### Collected material

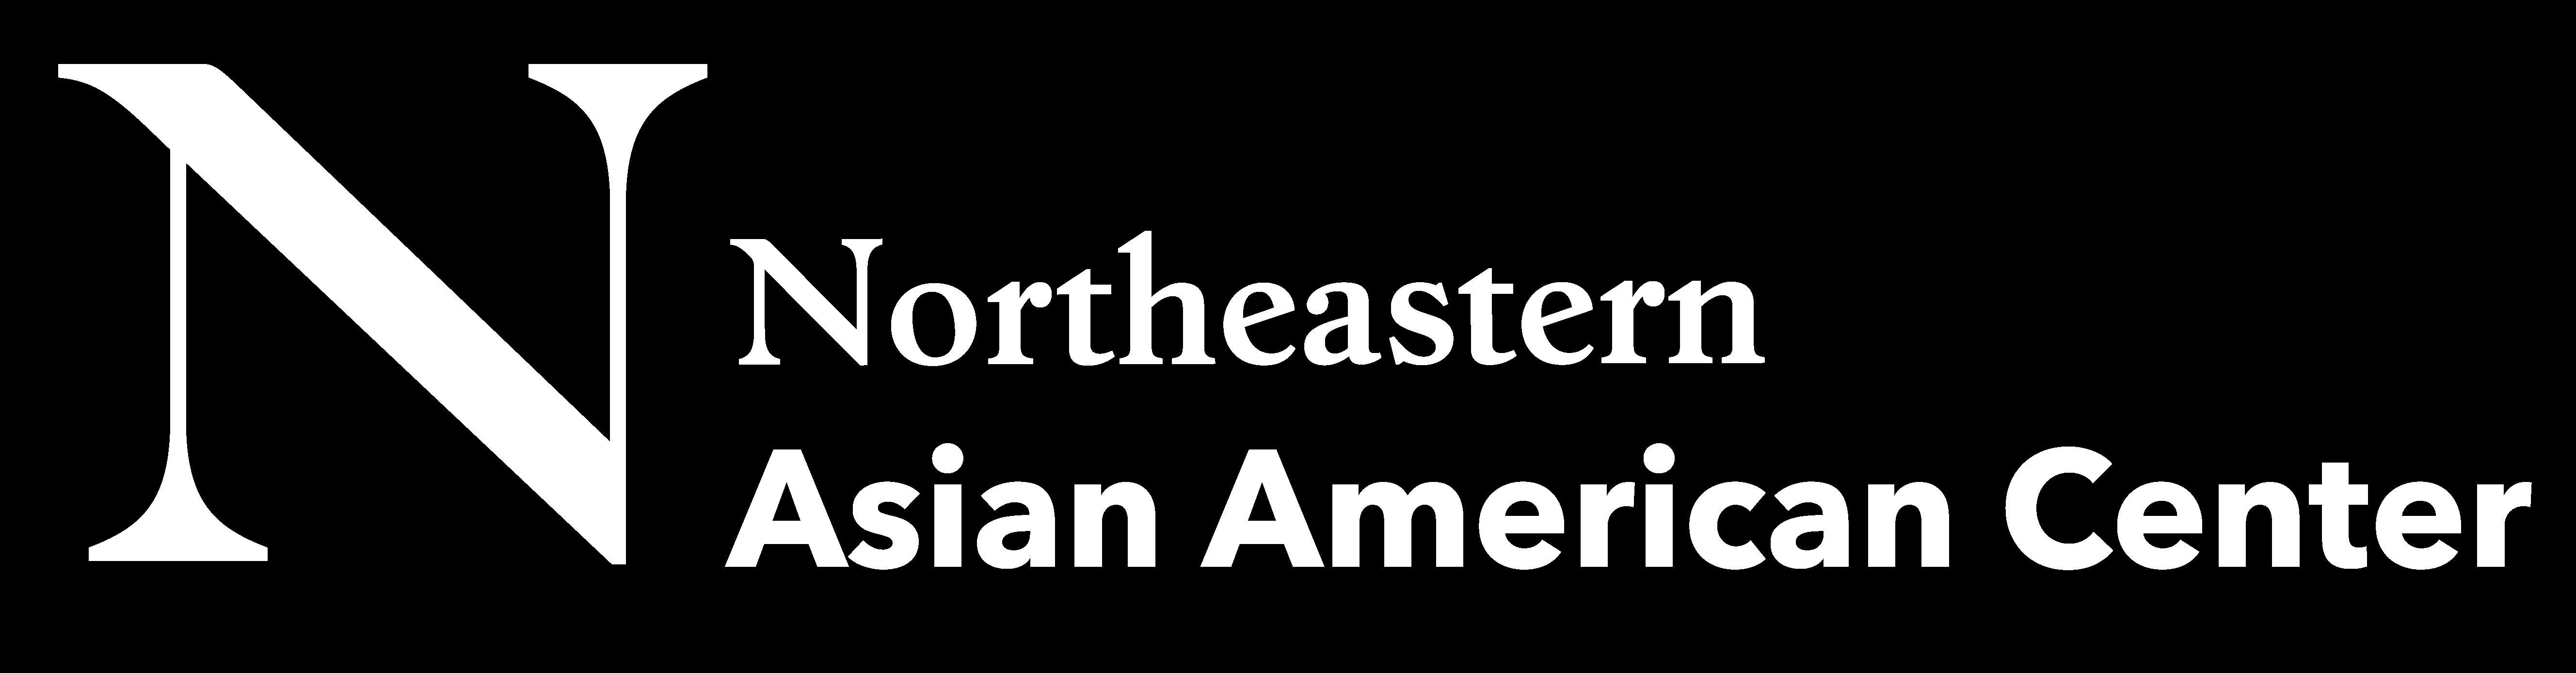 Northeastern Asian American Center White Logo
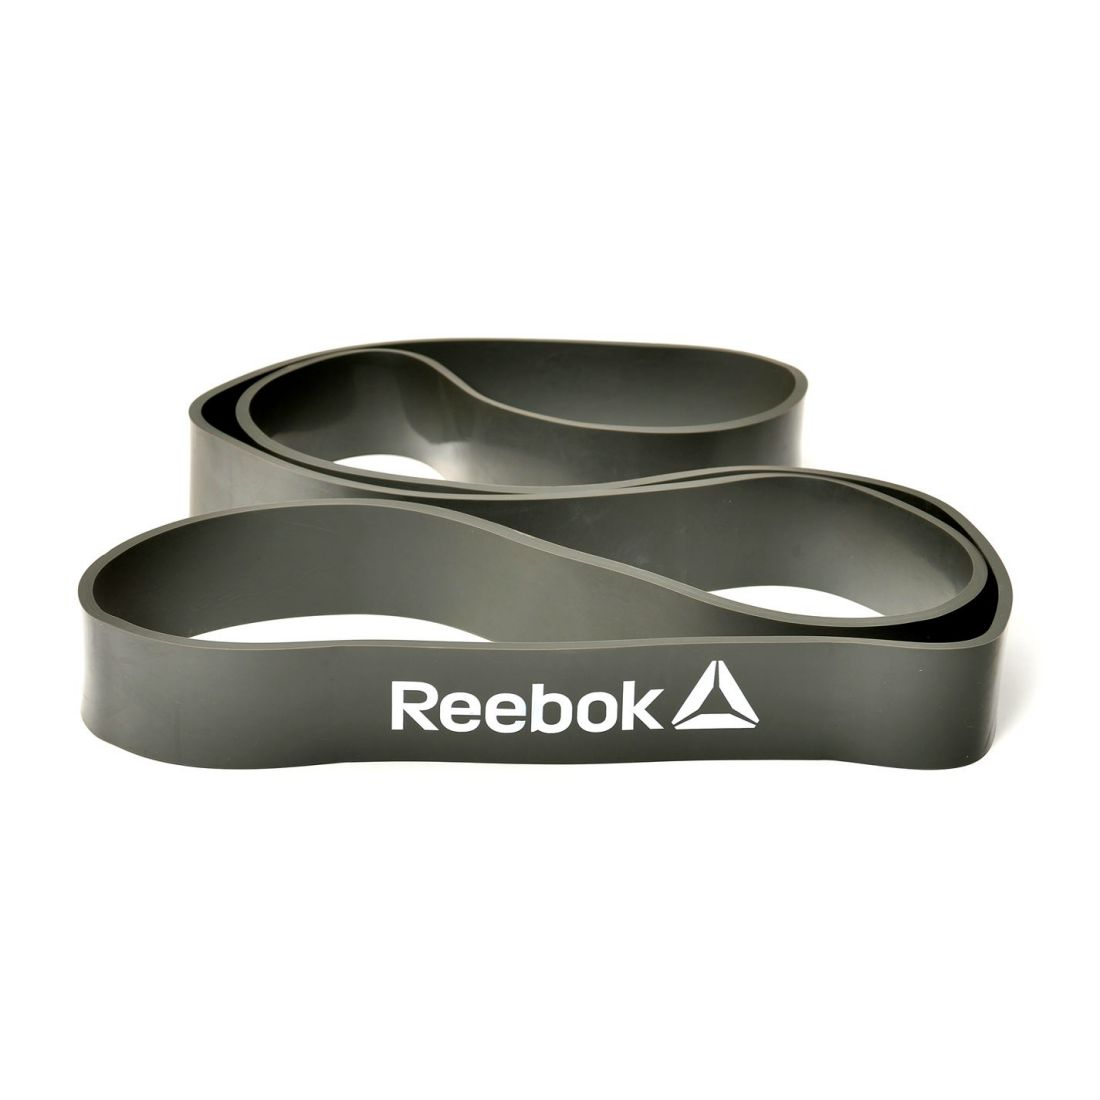 Reebok Power Band Unisex Resistance Bands Sport Activity Workout
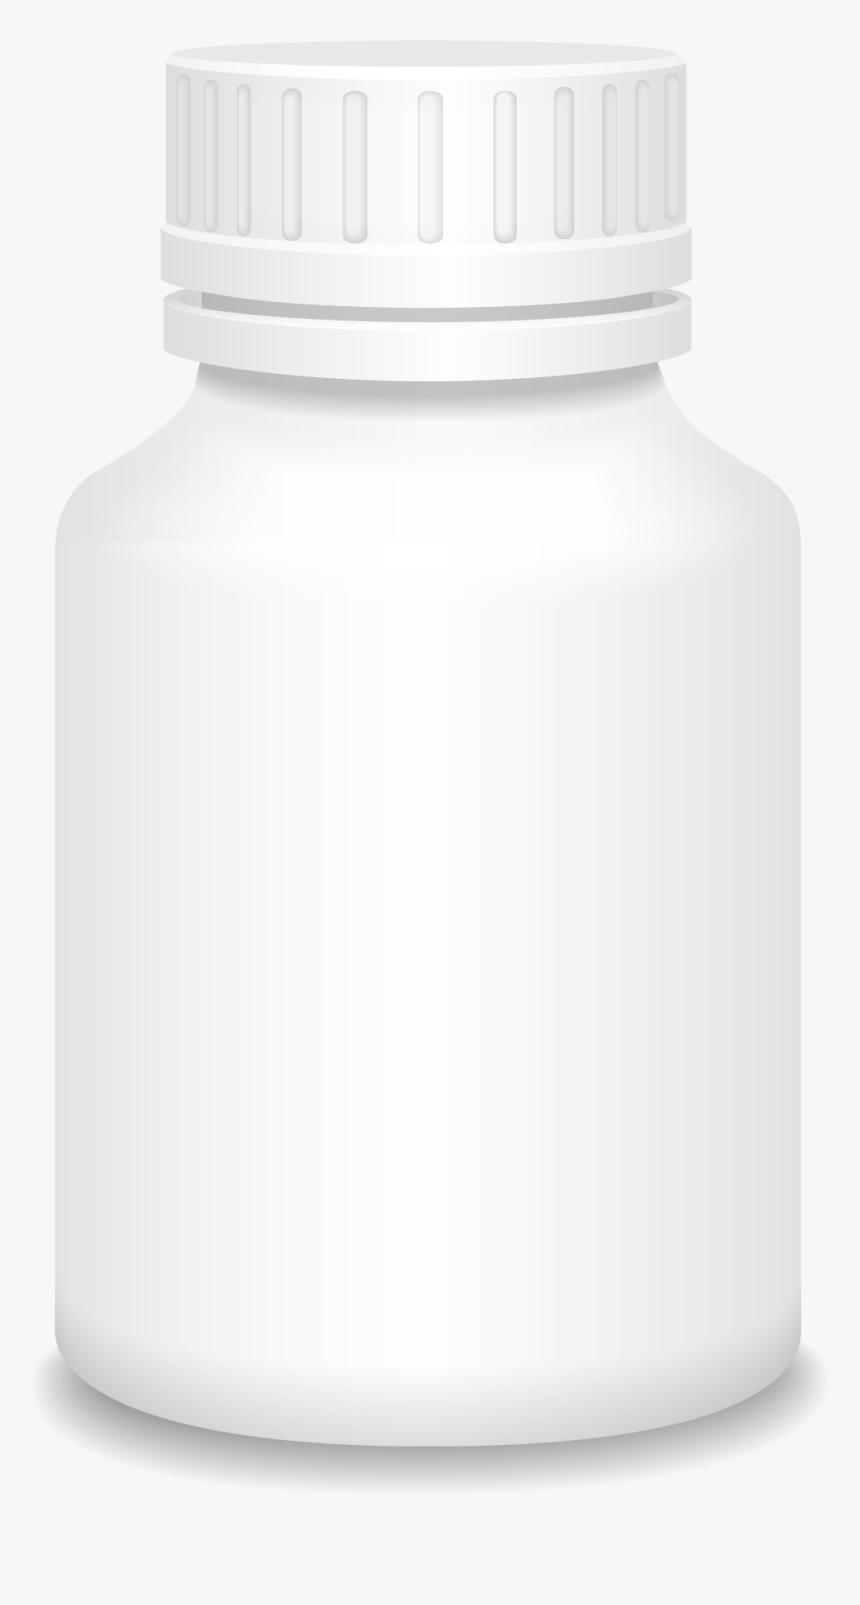 Medicine White Vector Bottle Plastic Png Download Free - Plastic Bottle, Transparent Png, Free Download

### Task description
Leaving aside the pictures, copy the listing above exactly.

### Solution for this problem
 Northeastern Asian American Center White Logo
 Reebok Power Band Unisex Resistance Bands Sport Activity Workout
 Medicine White Vector Bottle Plastic Png Download Free - Plastic Bottle, Transparent Png, Free Download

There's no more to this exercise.